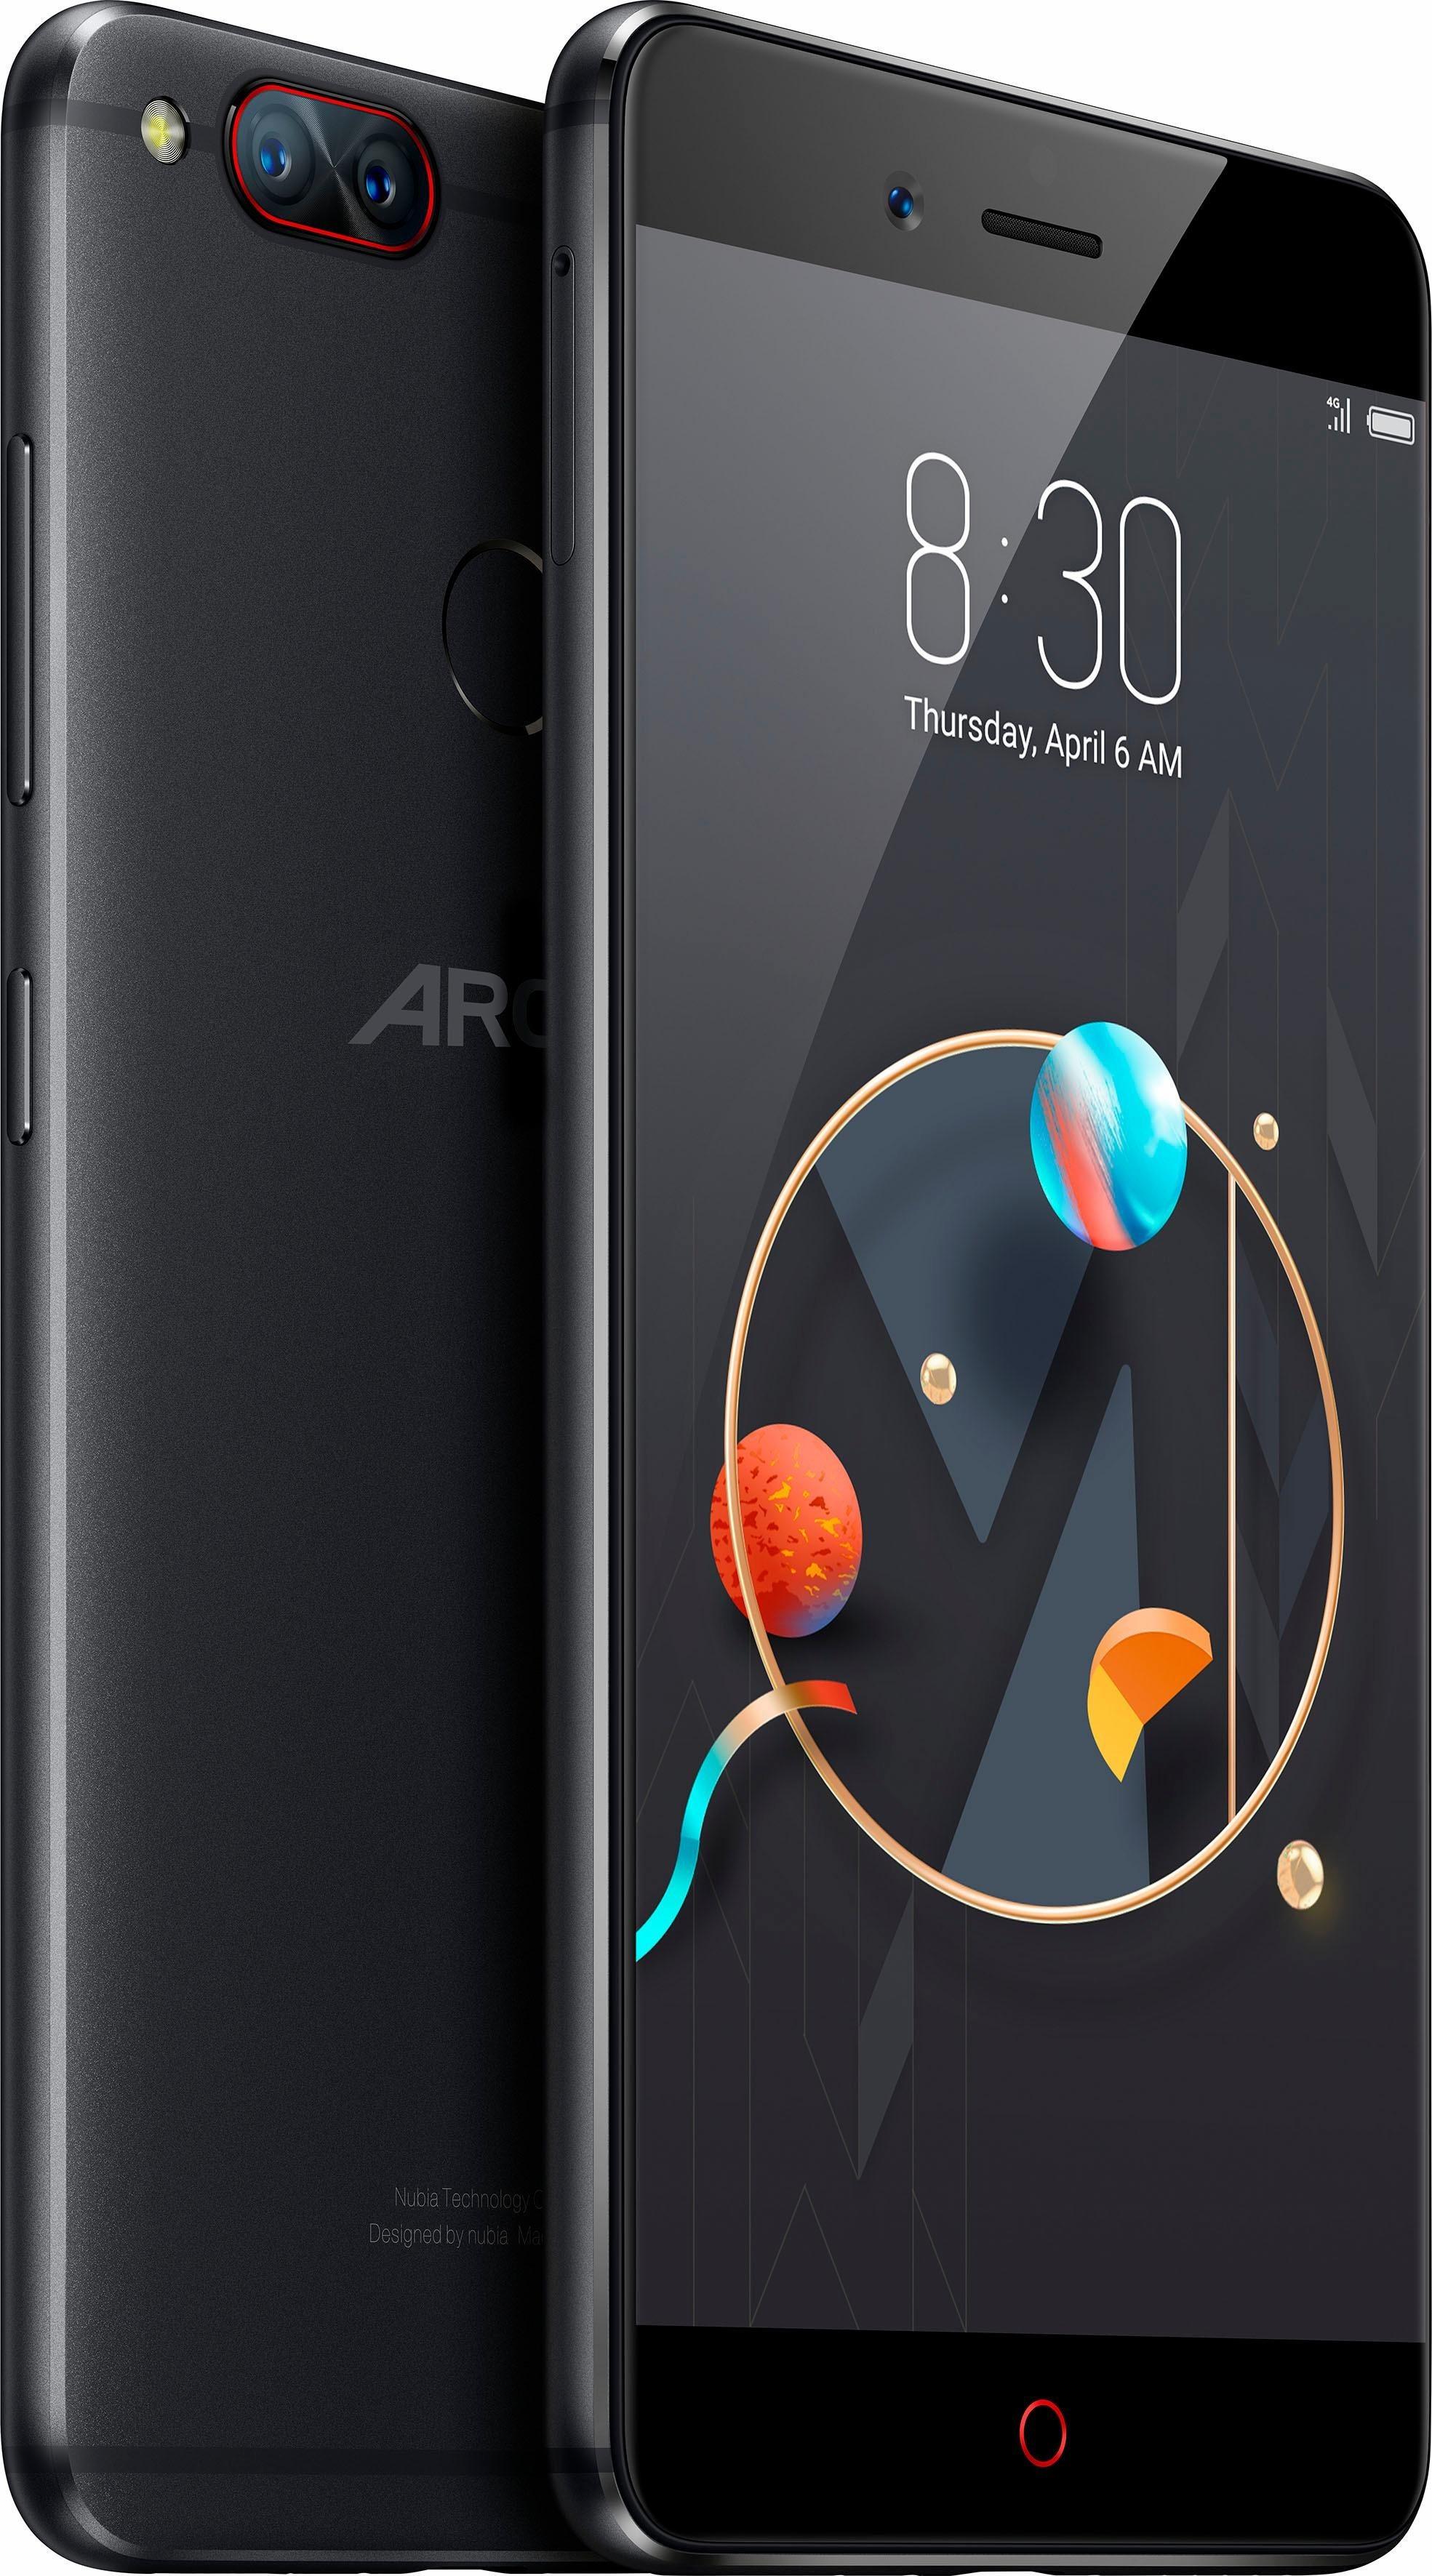 Diamond Alpha Smartphone (13,2 cm/5,2 Zoll, 64 GB Speicherplatz, 13 MP Kamera)
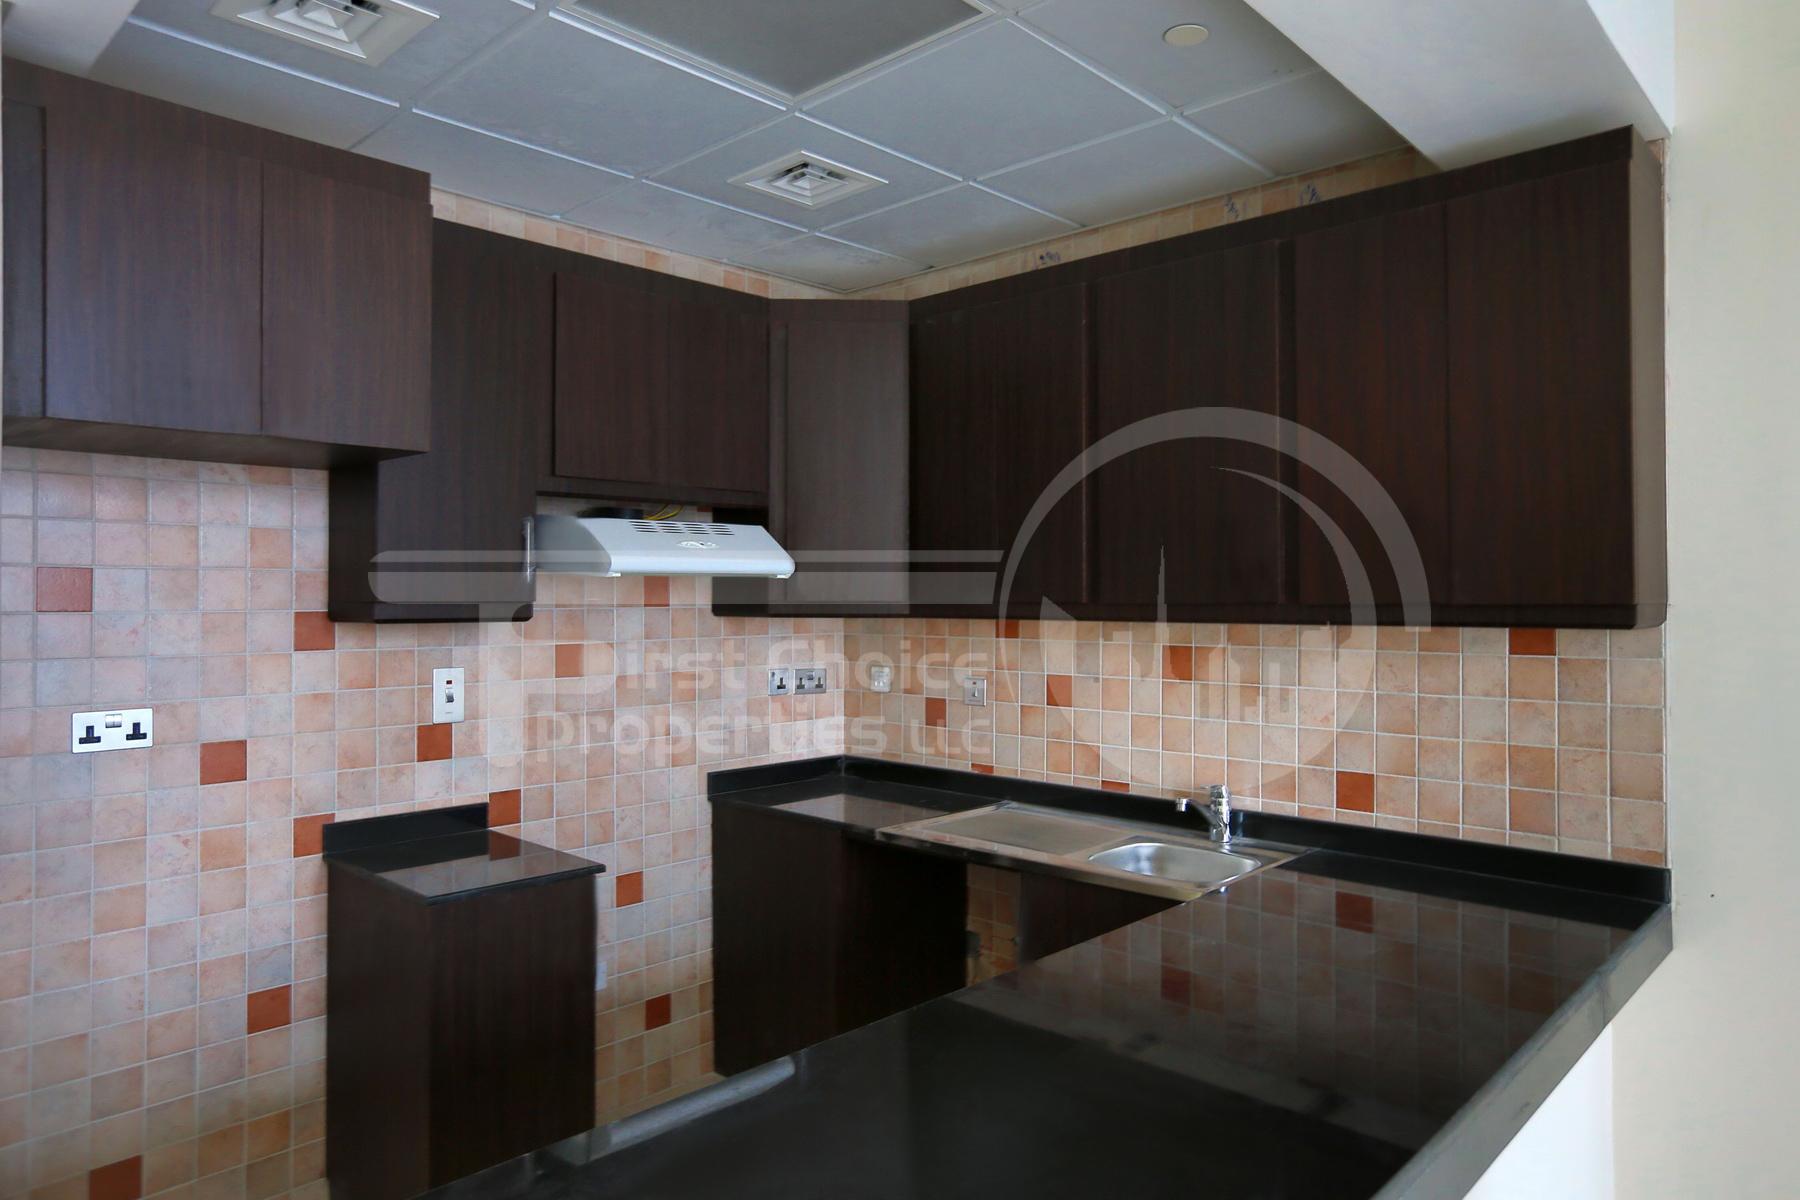 Studio Apartment - Abu Dhabi - UAE - Al Reem Island - Hydra Avenue (9).JPG
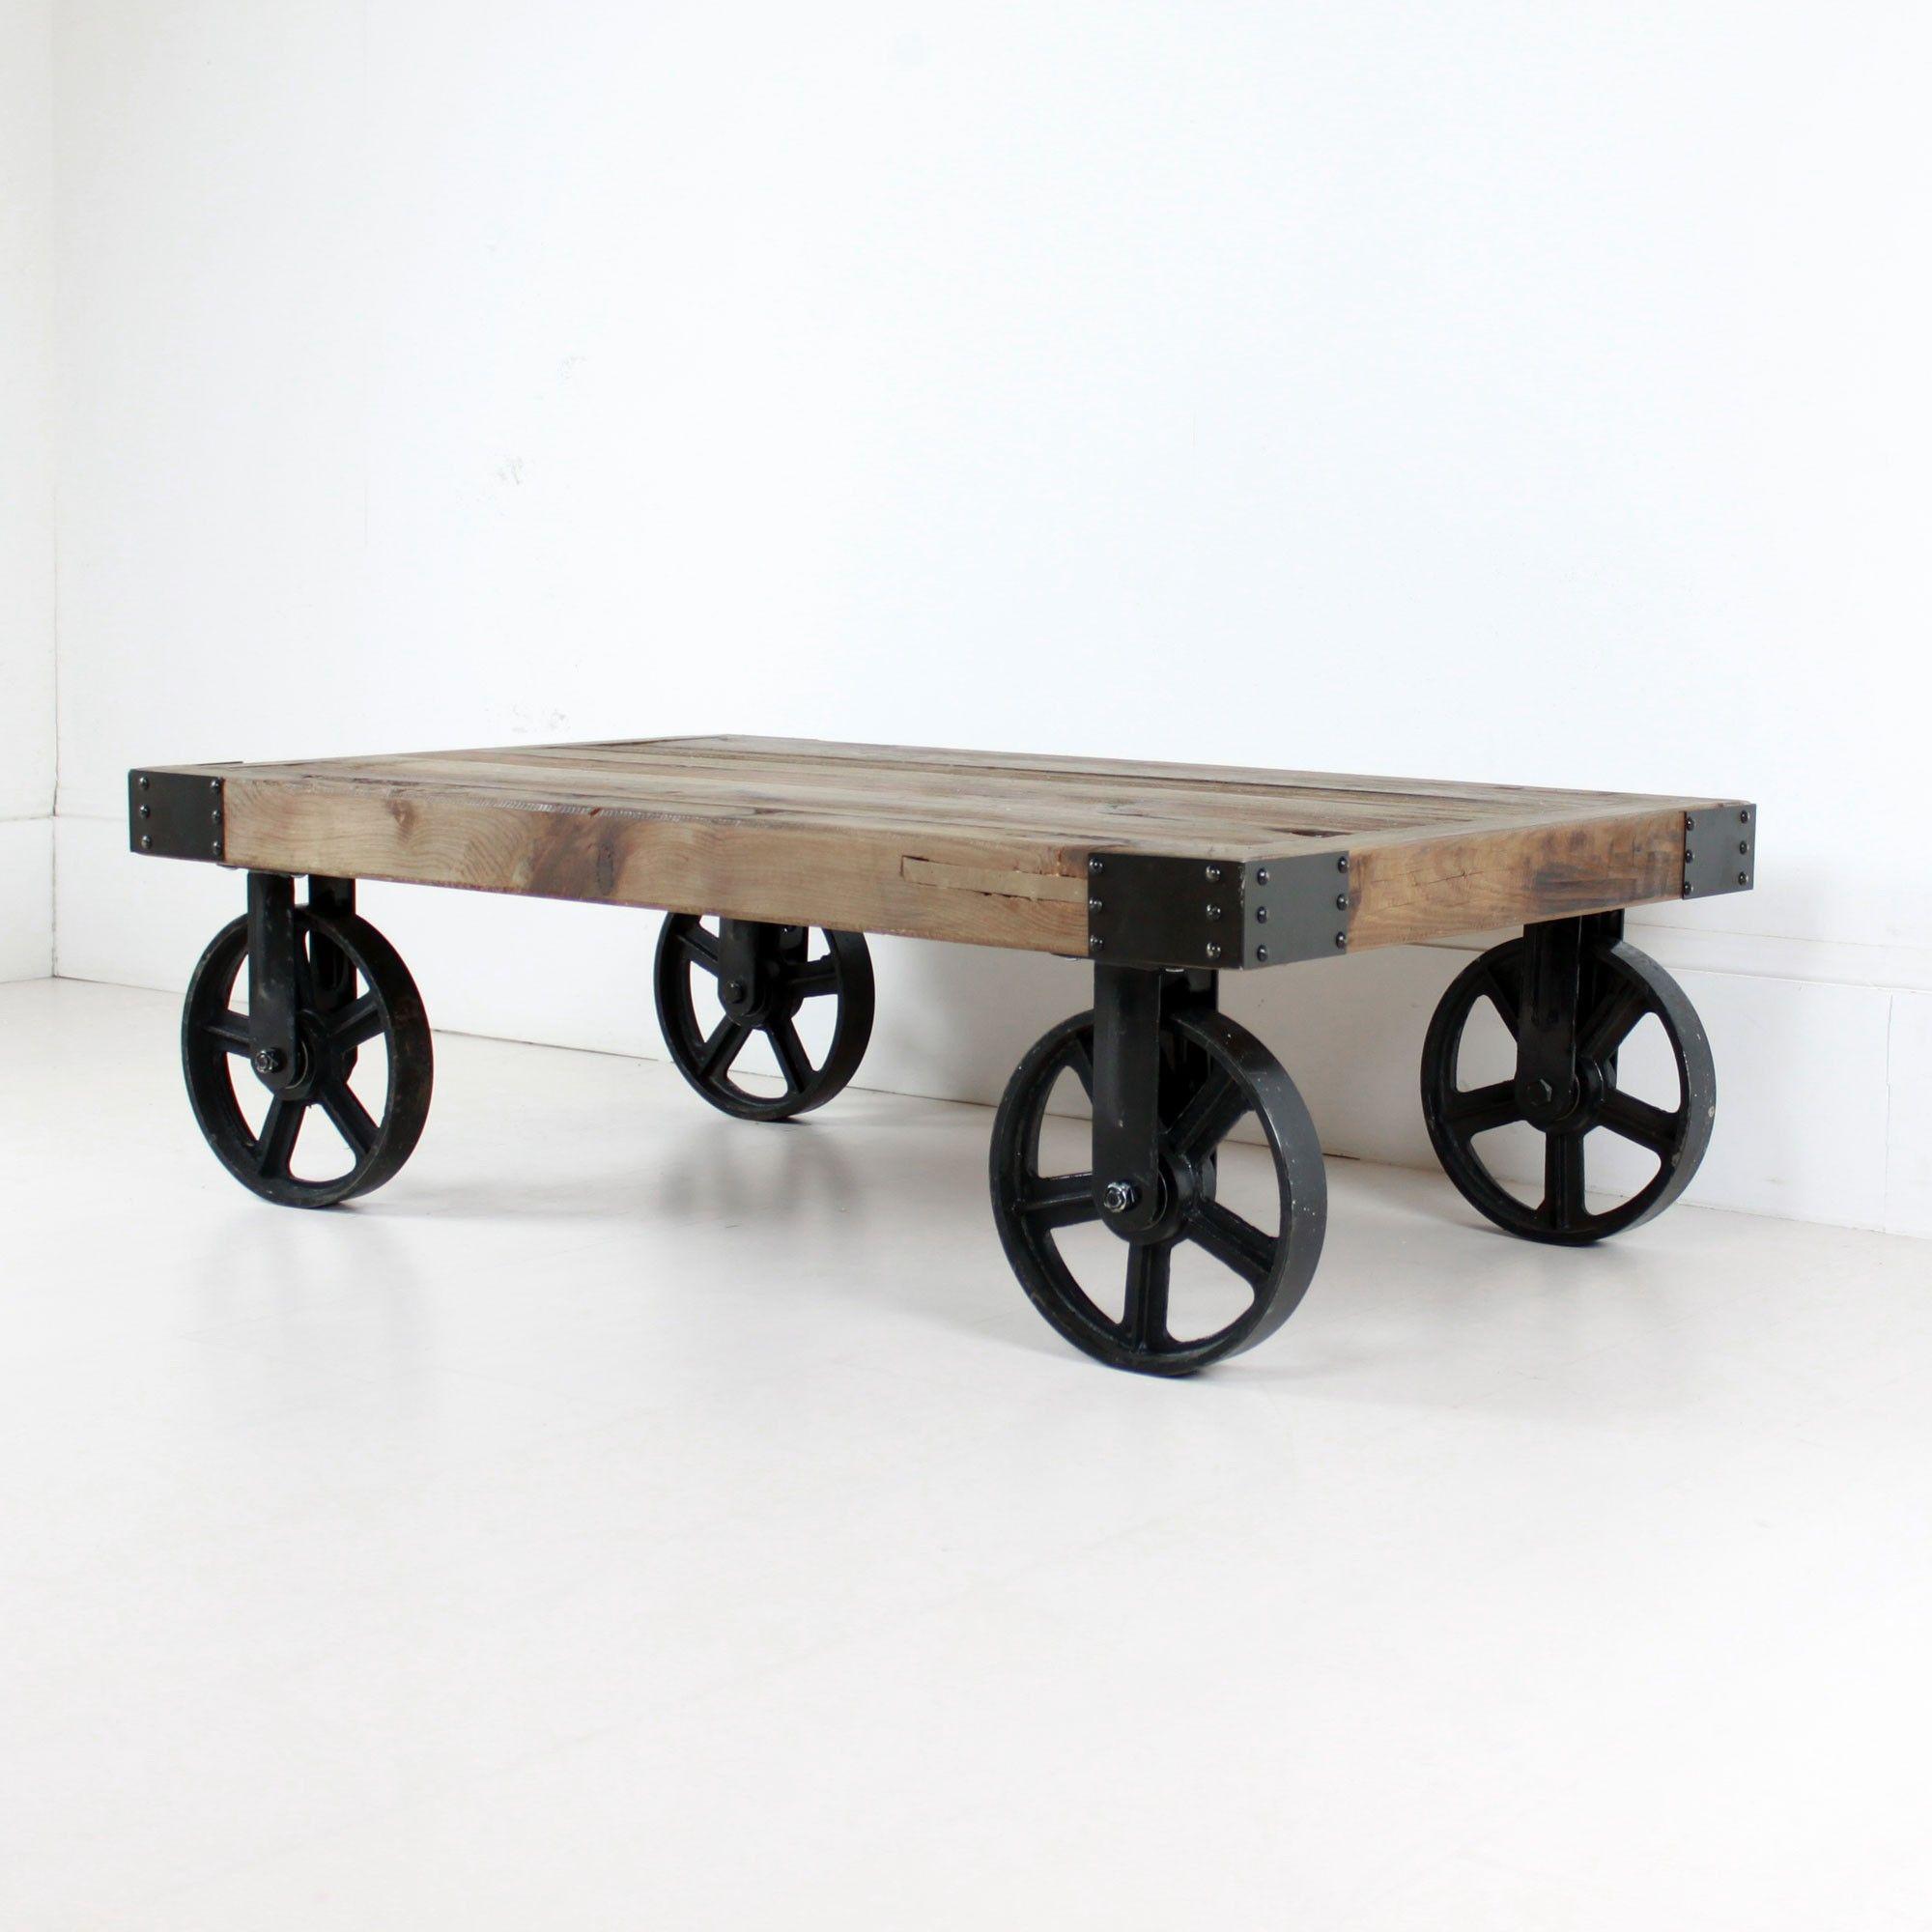 industrial furniture wheels. Industrial Coffee Table On Wheels Furniture E
────────────────────
* **REQUIREMENT**
No pictures belong in the answer; copy all other parts of the listing exactly.

* **COMPLETED EXERCISE**
 Diamond Alpha Smartphone (13,2 cm/5,2 Zoll, 64 GB Speicherplatz, 13 MP Kamera)
 Studio Apartment - Abu Dhabi - UAE - Al Reem Island - Hydra Avenue (9).JPG
 industrial furniture wheels. Industrial Coffee Table On Wheels Furniture E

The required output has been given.